腰には特に異常がないのに腰が痛くなる、というのは、アスレティックトレーナーである私からすると、それほど不思議なことではありません。

いくら腰を検査してもわからないという意味で原因不明とされている腰痛は多々ありますが、本当の原因は「腰以外の硬さ」にある場合があります。

「腰以外の硬さ」とは具体的に何かというと、足首や胸椎、股関節など、腰以外の部位の硬さのことです。

人の体は各部位が複数の関節によって密接につながり、全てが連動して初めて機能します。その理論をよく理解せずにストレッチなどをすると、体の各部位が正常に作動せず、反対に腰に負荷をかける場合があるので注意が必要です。

これまで多くのアスリートのトレーナーを務めてきましたが、痛みや故障が少ないプレーヤーは、体の関節や部位の連動の理論を理解してトレーニングを行い、無駄な負担をかけずに身体を作り上げていきます。そのため、痛みや故障なく、激しい運動ができるのです。
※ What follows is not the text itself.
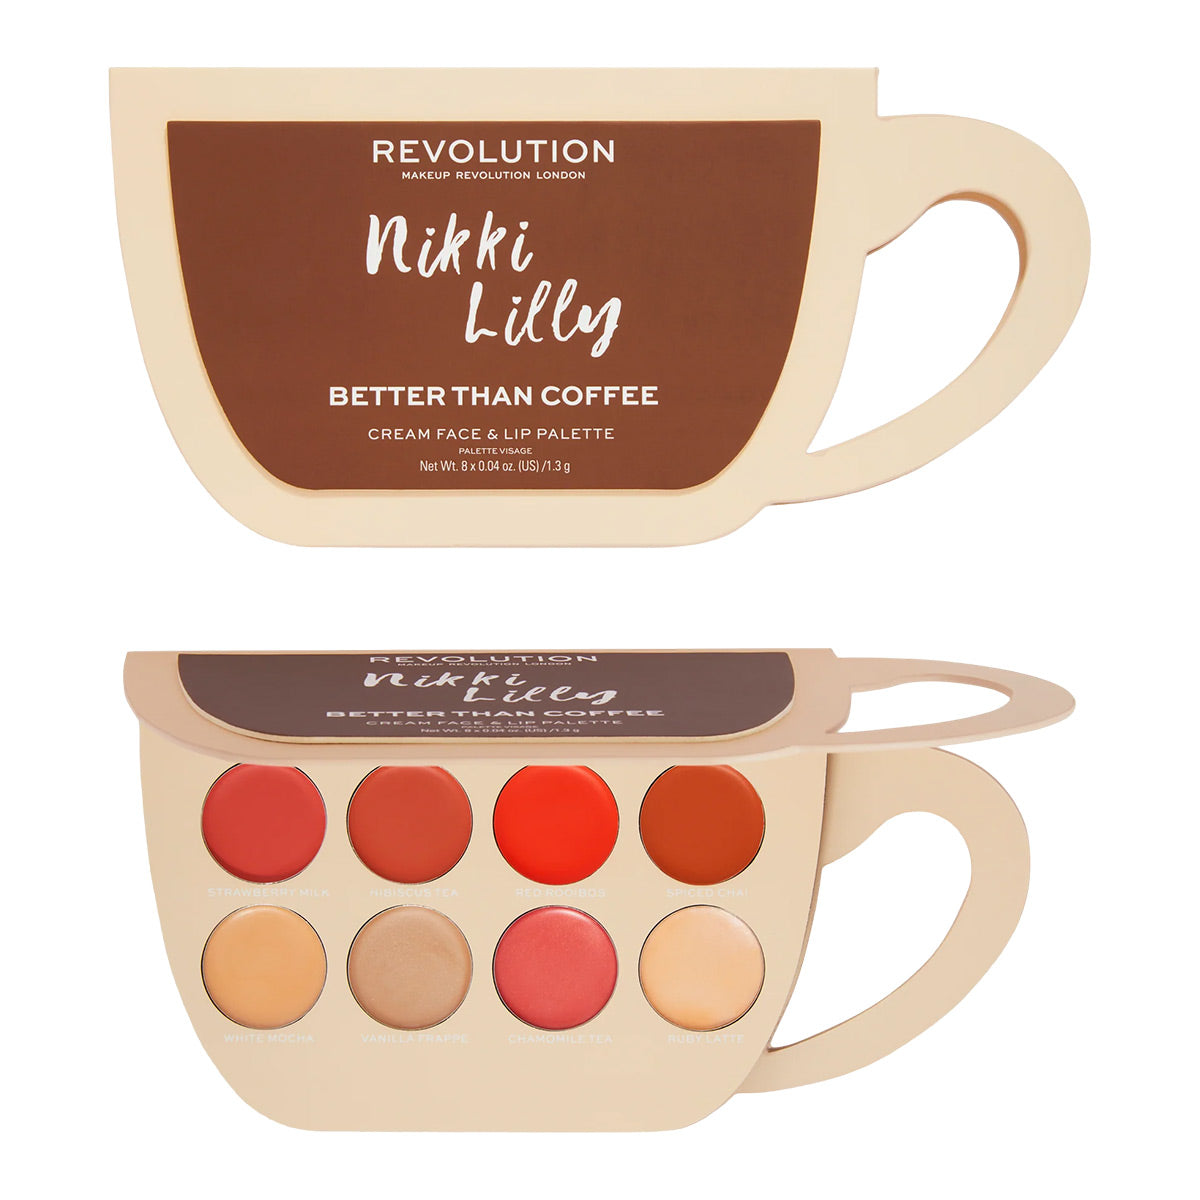 Revolution Nikki Lilly Better Than Coffee Cream Face & Lip Palette
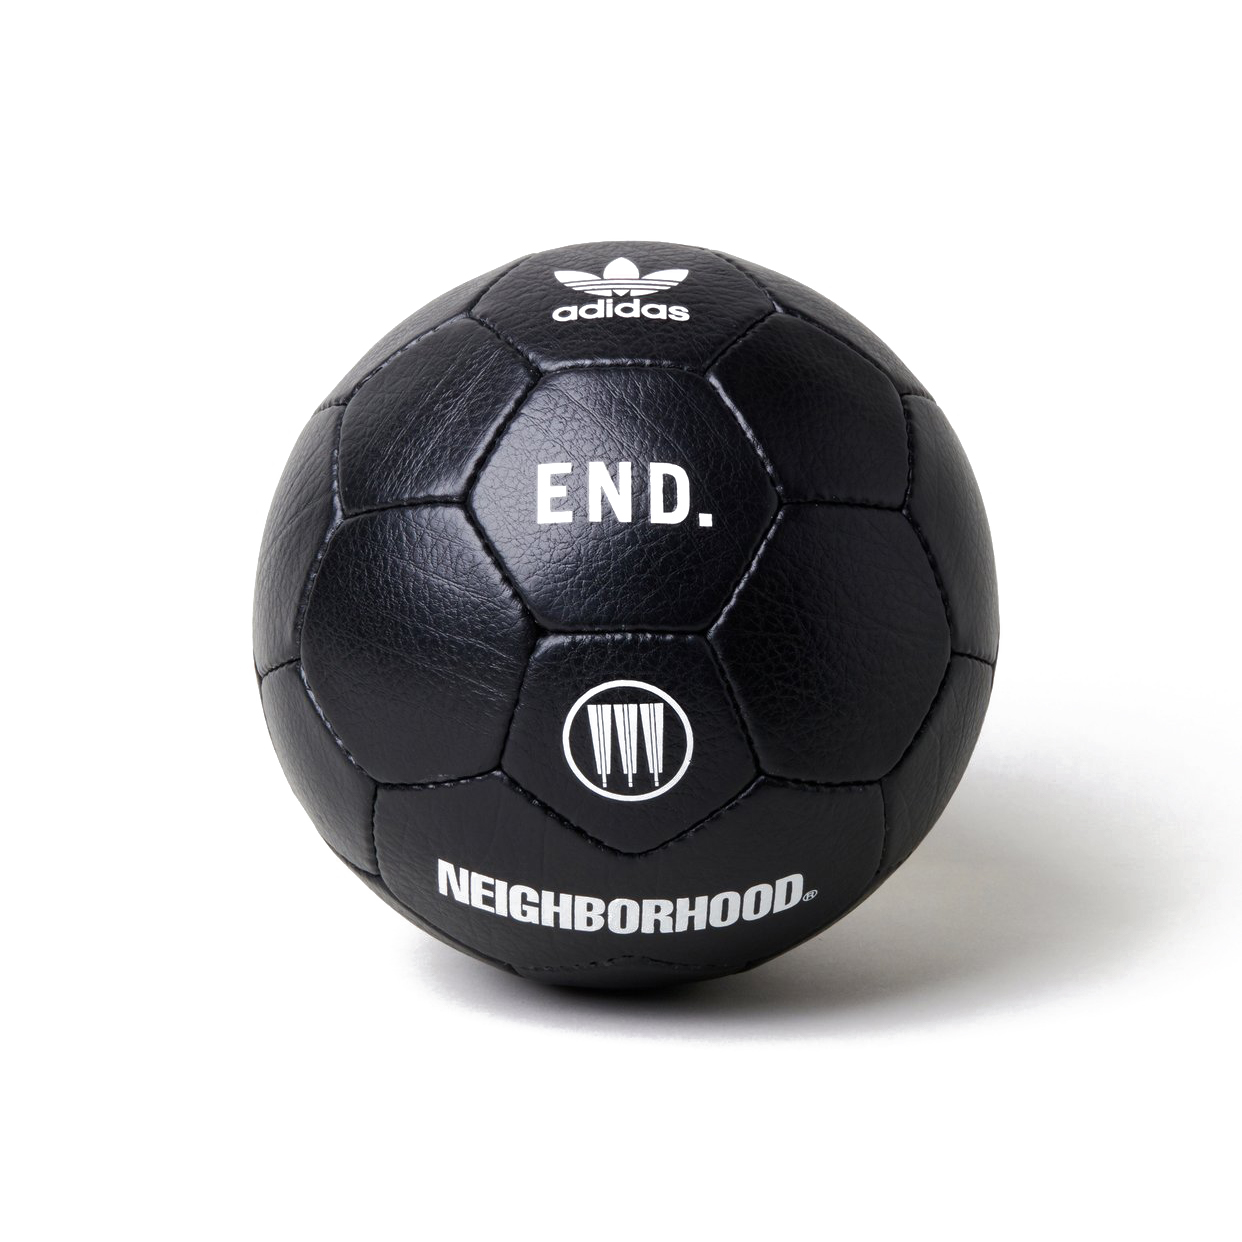 Neighborhood x END x adidas Home Soccer Ball Black

繰り返し再発する腰痛に悩んでいる人も、もしかすると足首や股関節の硬さを解消することで、腰への負担を軽減し、痛みのない毎日を取り戻せるかもしれません。

人の体は関節の連動で動いている

なぜ、腰以外が硬いことが慢性腰痛の原因になり得るのでしょうか。まず、体の関節がどのように連動して動いているかを簡単に解説します。

例えば「歩く」という動作一つとっても、複数の関節や部位がお互いに連動して機能しています。

歩行とは、ただ交互に左右の足を前に動かしているだけではありません。

細かく分折してみると、腰が体を支え、股関節が滑らかに動き、膝関節や足首の関節が曲がったり伸びたりしながら、それら各所がバランスよく連動してそれぞれの役割を果たしています。さらに、歩くときには下半身だけでなく、腕を振るといった上半身の動きも伴います。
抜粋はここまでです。